A view of craters on the surface of the moon captured by China's Chang'e-6 lunar probe, June 4, 2024. /CNSA
Recently, Chinese researchers identified, for the first time, micrometer-scale crystalline Fe2O3 in the forms of hematite (α-Fe2O3) and maghemite (γ-Fe2O3) in lunar soils, formed by large-scale impact events, the China National Space Administration (CNSA), Shandong University, and the Chinese Academy of Sciences jointly announced on Sunday.
The discovery is based on analysis of lunar soil samples returned by the Chang'e-6 mission from the South Pole-Aitken (SPA) Basin, providing credible evidence for the presence of Fe2O3 on the lunar surface and challenging the traditional understanding of lunar surface redox states.
This finding, published in the journal Science Advances, will offer important scientific support for future lunar research and deepen understanding of the moon's evolutionary history.
Morphology, composition and crystal structure of the studied iron oxide mineral in the Chang'e-6 breccia clast sample. /CMG
According to the study, the formation of hematite is likely closely linked to past large-scale impact events on the moon.

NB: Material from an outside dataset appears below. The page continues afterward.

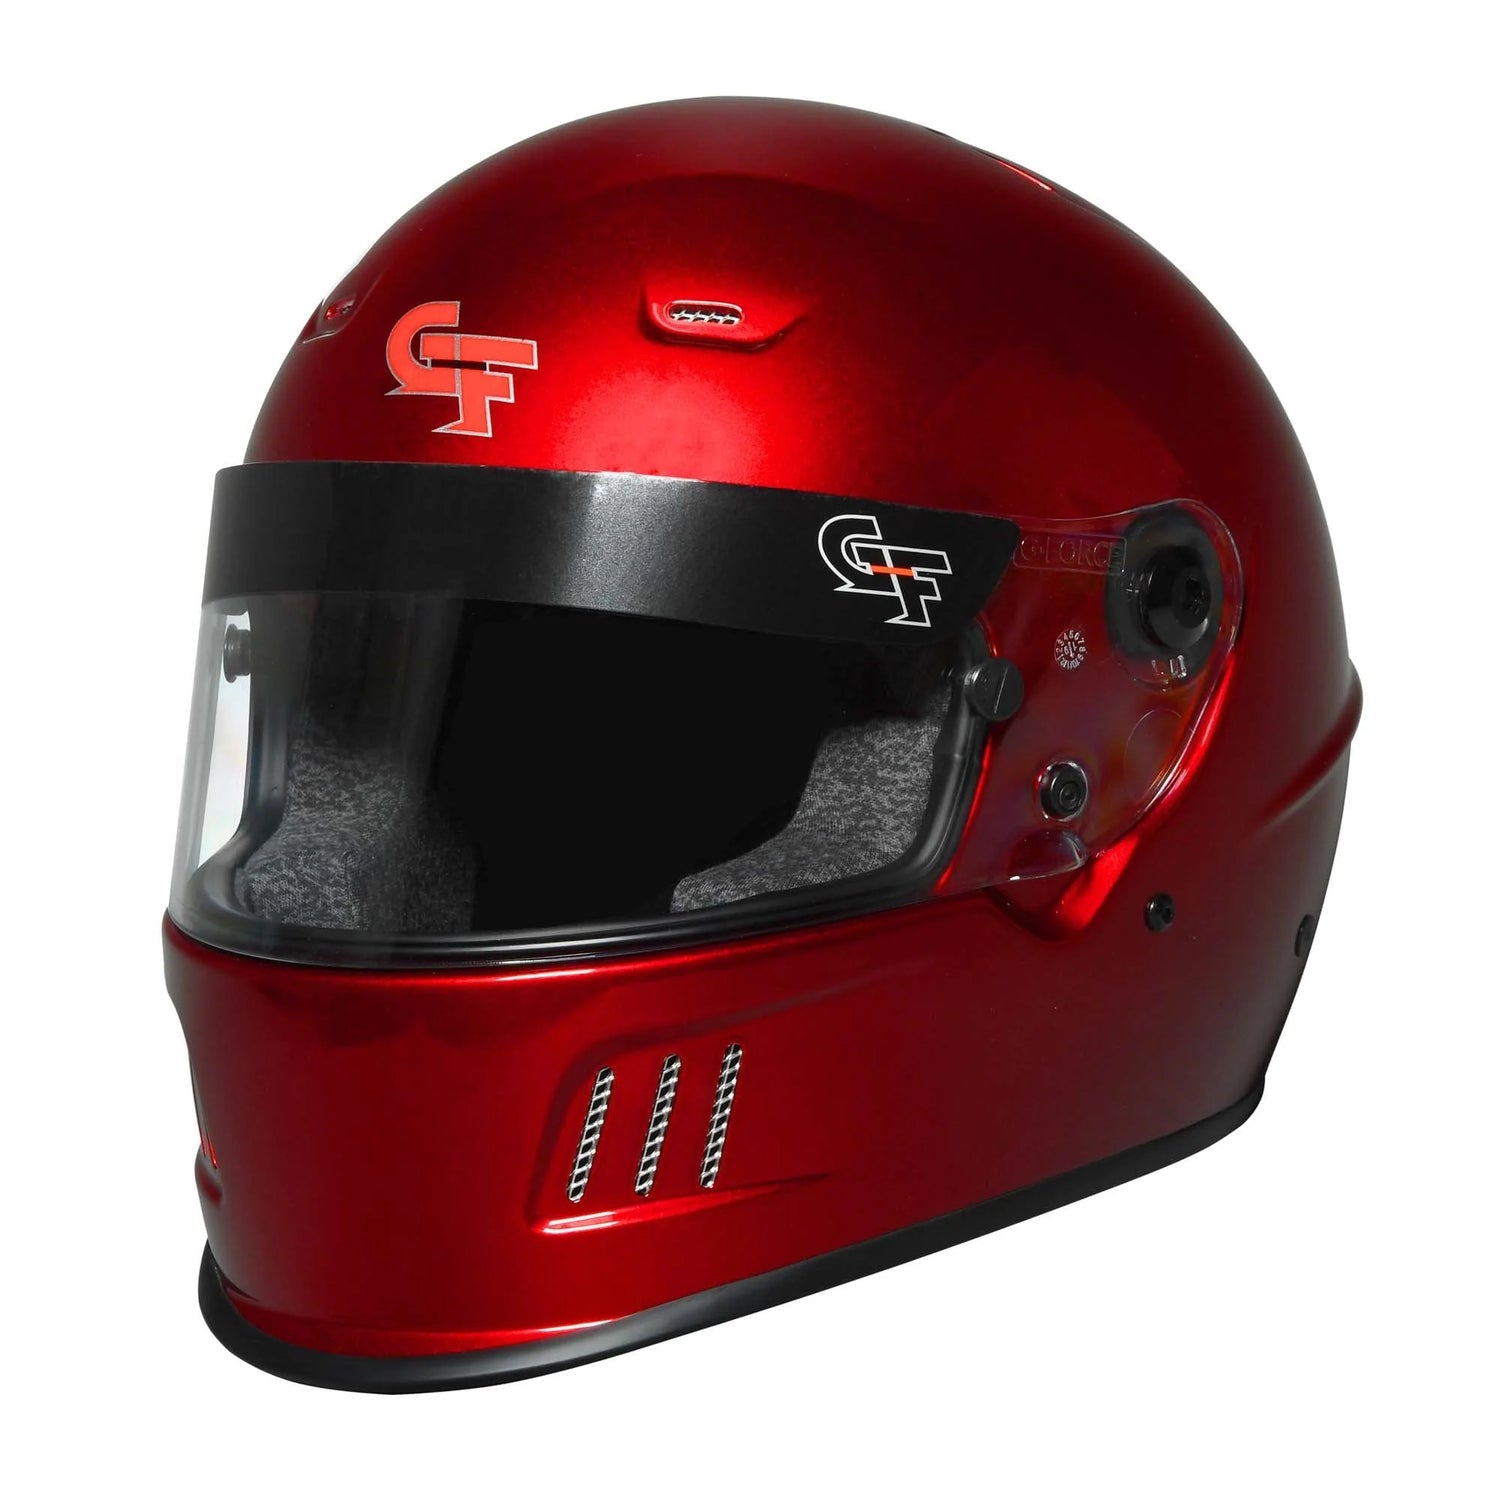 G-Force Racing Helmets

Such impacts can generate a heterogeneous vapor environment characterized by locally elevated oxygen fugacity, where Fe2+ ions are oxidized to higher valence states, leading to the desulfurization of troilite (FeS). Through subsequent vapor-phase deposition, this process forms micrometer-scale crystalline hematite particles.
Notably, the intermediate products of these reactions – magnetite and maghemite – are magnetic and may serve as mineral carriers of the magnetic anomalies surrounding the South Pole-Aitken (SPA) Basin on the lunar farside.

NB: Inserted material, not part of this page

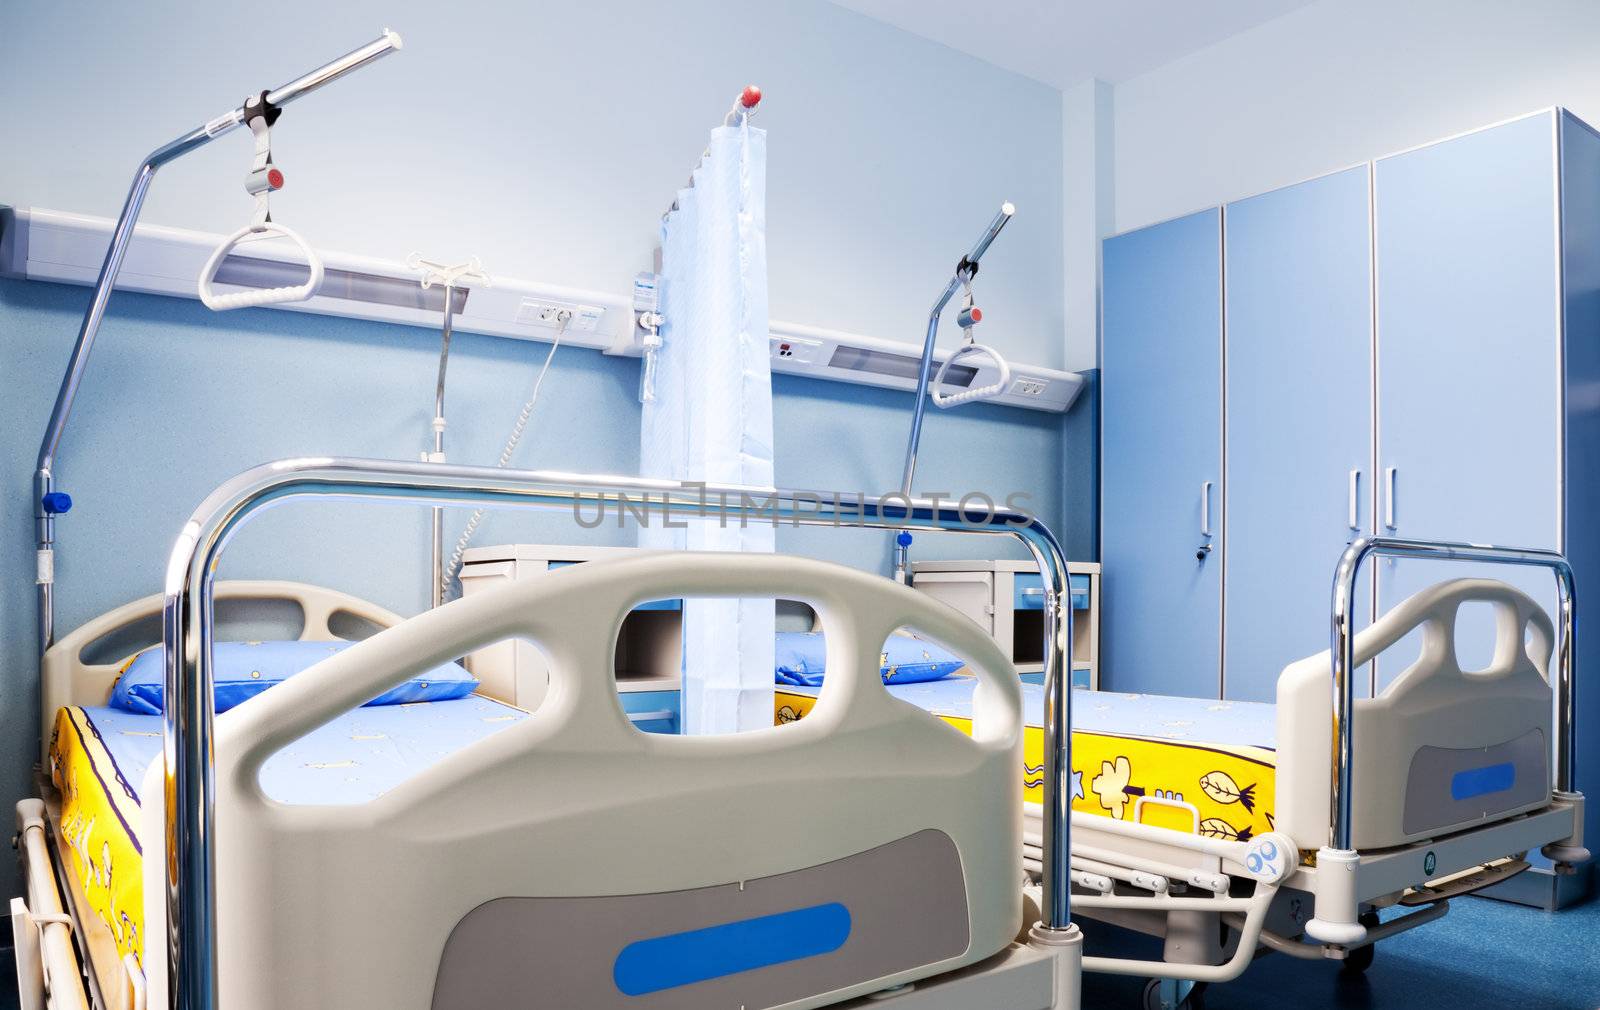 hospital room rehabilitation beds by vilevi

The research provides the first sample-based confirmation that highly oxidizing minerals such as hematite can exist on the lunar surface despite its reducing environment. It also sheds new light on the moon's redox state and the reason for the generation of its magnetic anomalies.

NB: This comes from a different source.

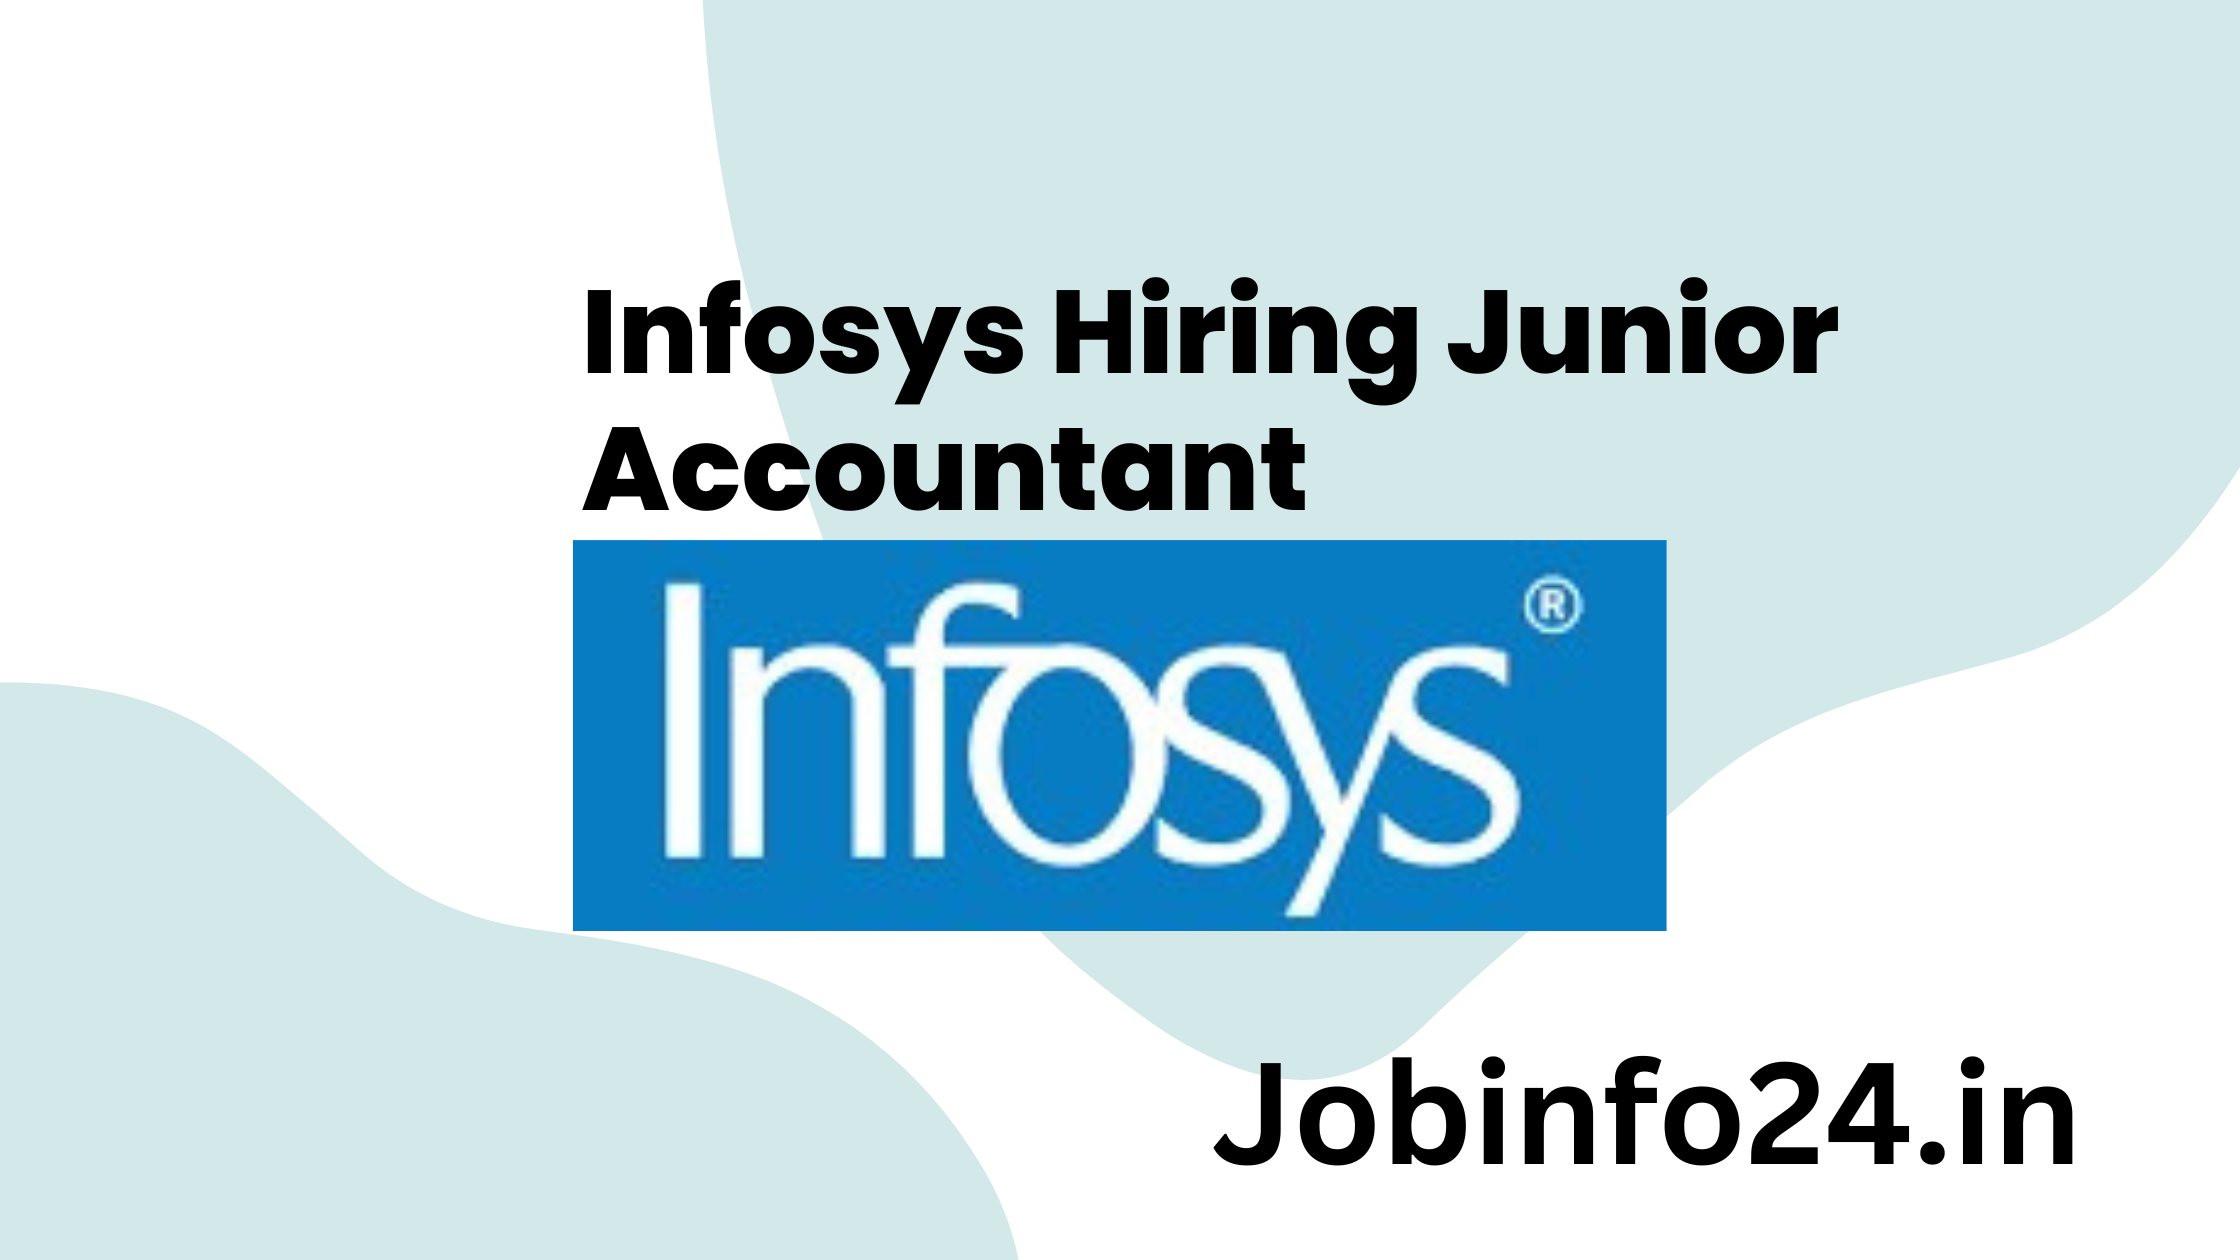 Infosys Hiring Junior Accountant

The SPA Basin, where Chang'e-6 landed, is the largest and oldest known impact basin on any rocky body in the solar system. The scale of the impact that formed it far exceeded that of other regions on the moon, providing a unique setting for studying exceptional geological processes. The successful return of samples from within the basin's interior by the 2024 Chang'e-6 mission laid the foundation for this breakthrough discovery.